Daniel Aguillón

Personal information
- Nickname: Cuautitlan
- Nationality: Mexican
- Born: Daniel Aguillón Ramírez August 11, 1984 Mexico City, Mexico
- Died: October 18, 2008 (aged 24)
- Height: 5 ft 10 in (180 cm)
- Weight: Super Featherweight

Boxing career
- Reach: 74 in (189 cm)
- Stance: Orthodox

Boxing record
- Total fights: 20
- Wins: 15
- Win by KO: 9
- Losses: 3
- Draws: 2
- No contests: 0

= Daniel Aguillón =

Mexican boxer (1984–2008)

Daniel Aguillón Ramírez (August 11, 1984 – October 18, 2008) was a Mexican featherweight boxer.
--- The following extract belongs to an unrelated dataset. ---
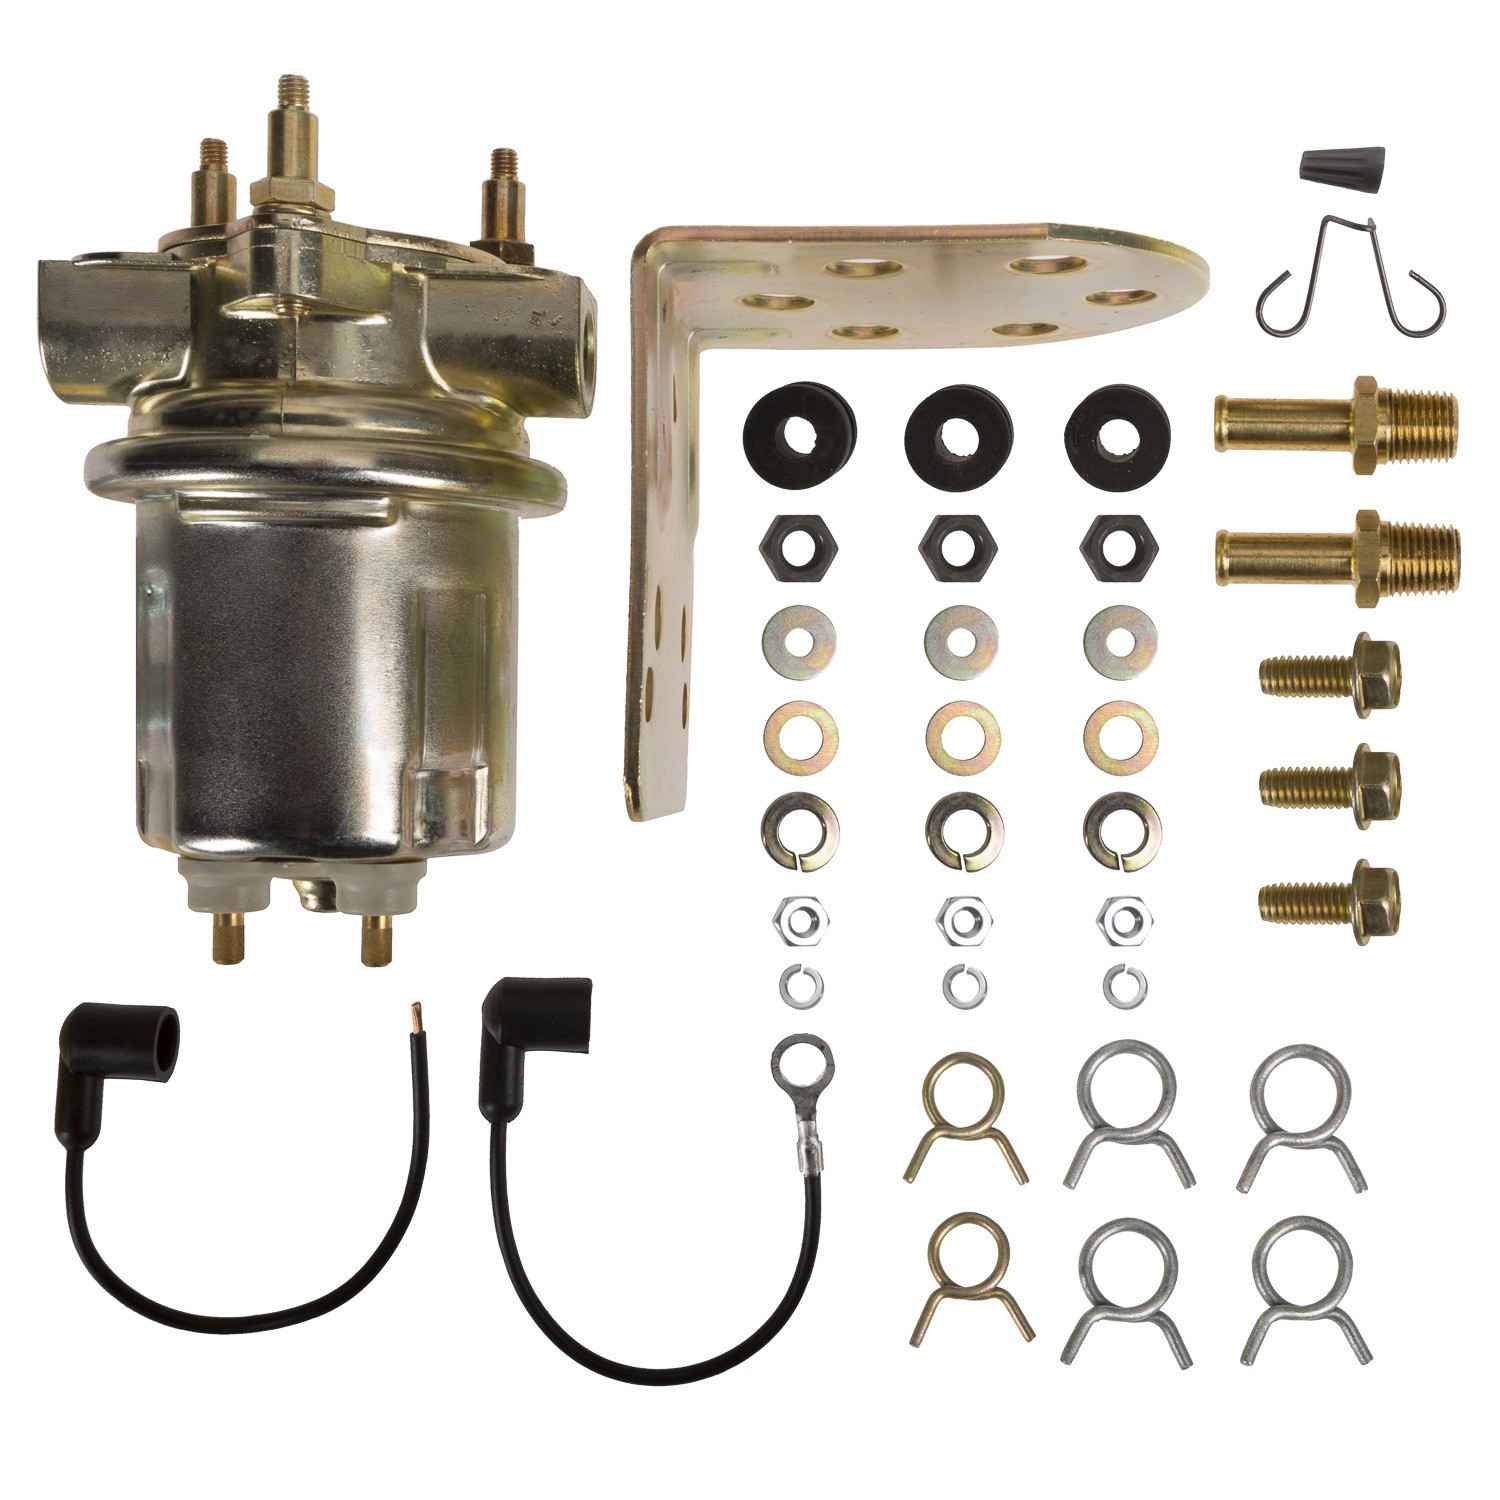 Kit View of Electric Fuel Pump CARTER P4259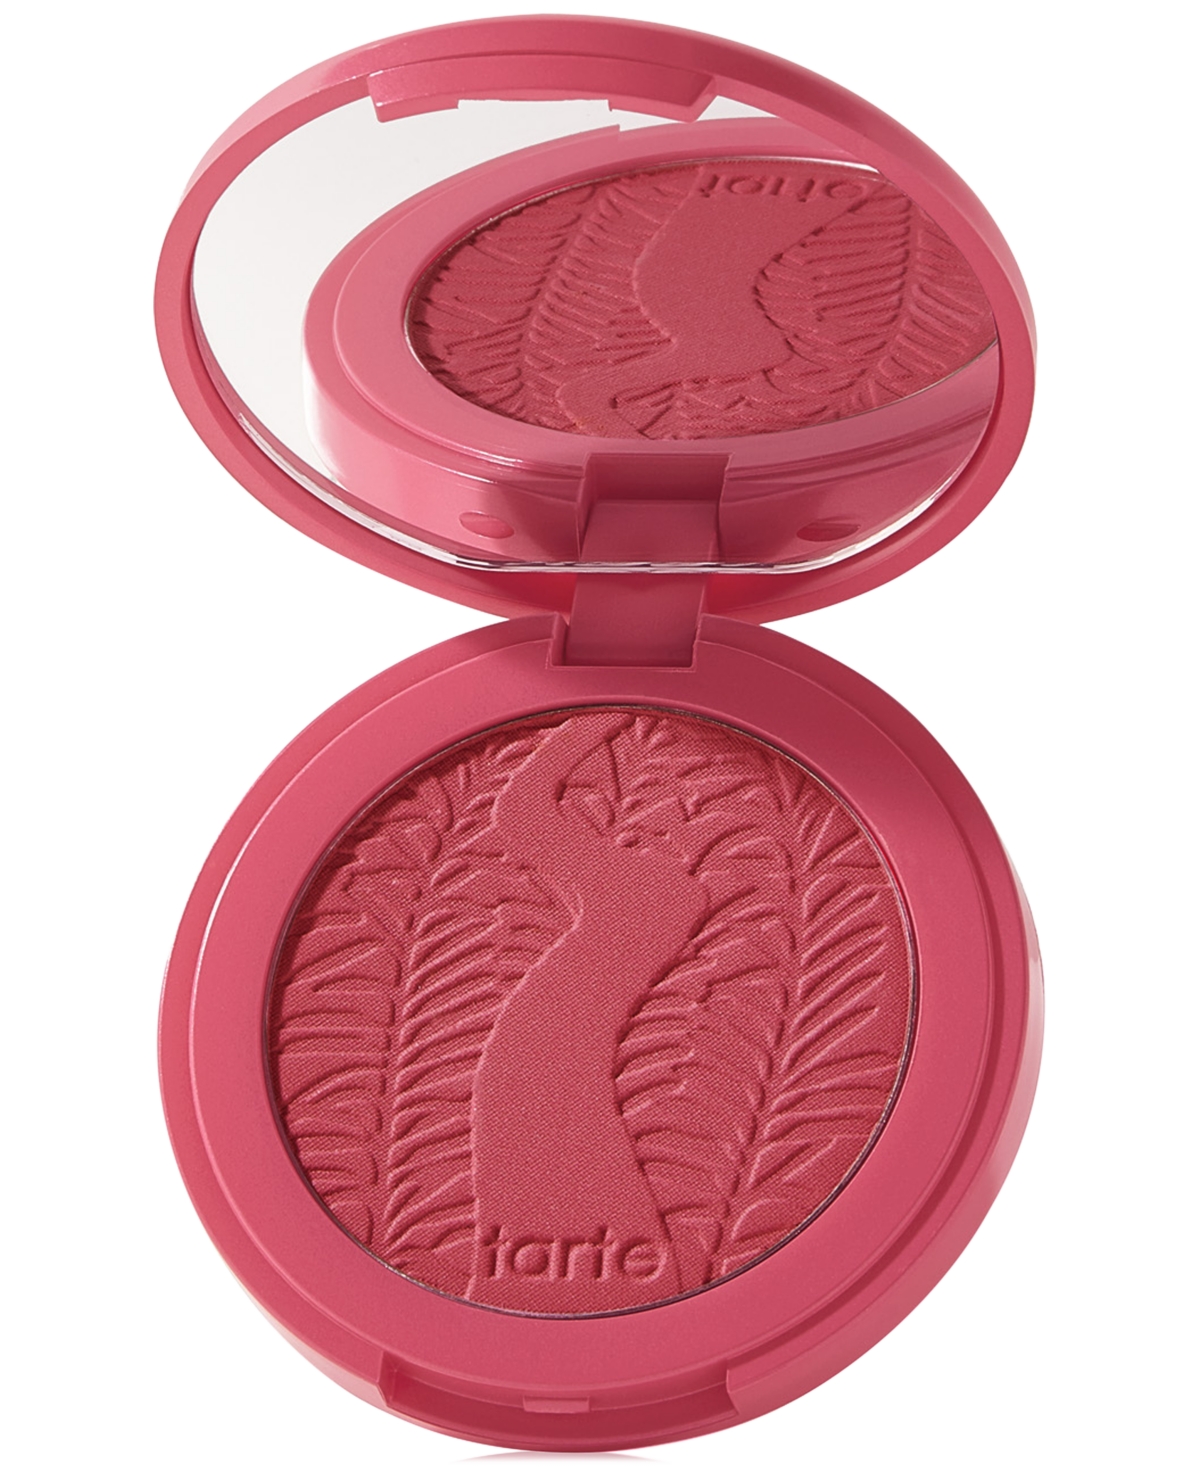 Tarte Amazonian Clay 12-hour Blush In Fearless

He died in a Mexico City hospital after a five-day coma induced by a knockout punch by fellow Mexican boxer Alejandro Sanabria during an official fight held on October 15, 2008, in Polanco, Mexico. He was 24.

== Death ==
Aguillón (16–4–2, 9 KOs) was punched in the jaw in the last minute of the 12th round of the super featherweight bout for the Central American title, sanctioned by the World Boxing Council (WBC) by his opponent Sanabria, he fell unconscious on the floor and was taken to a hospital, but never recovered. The WBC announced it will provide financial support for the family.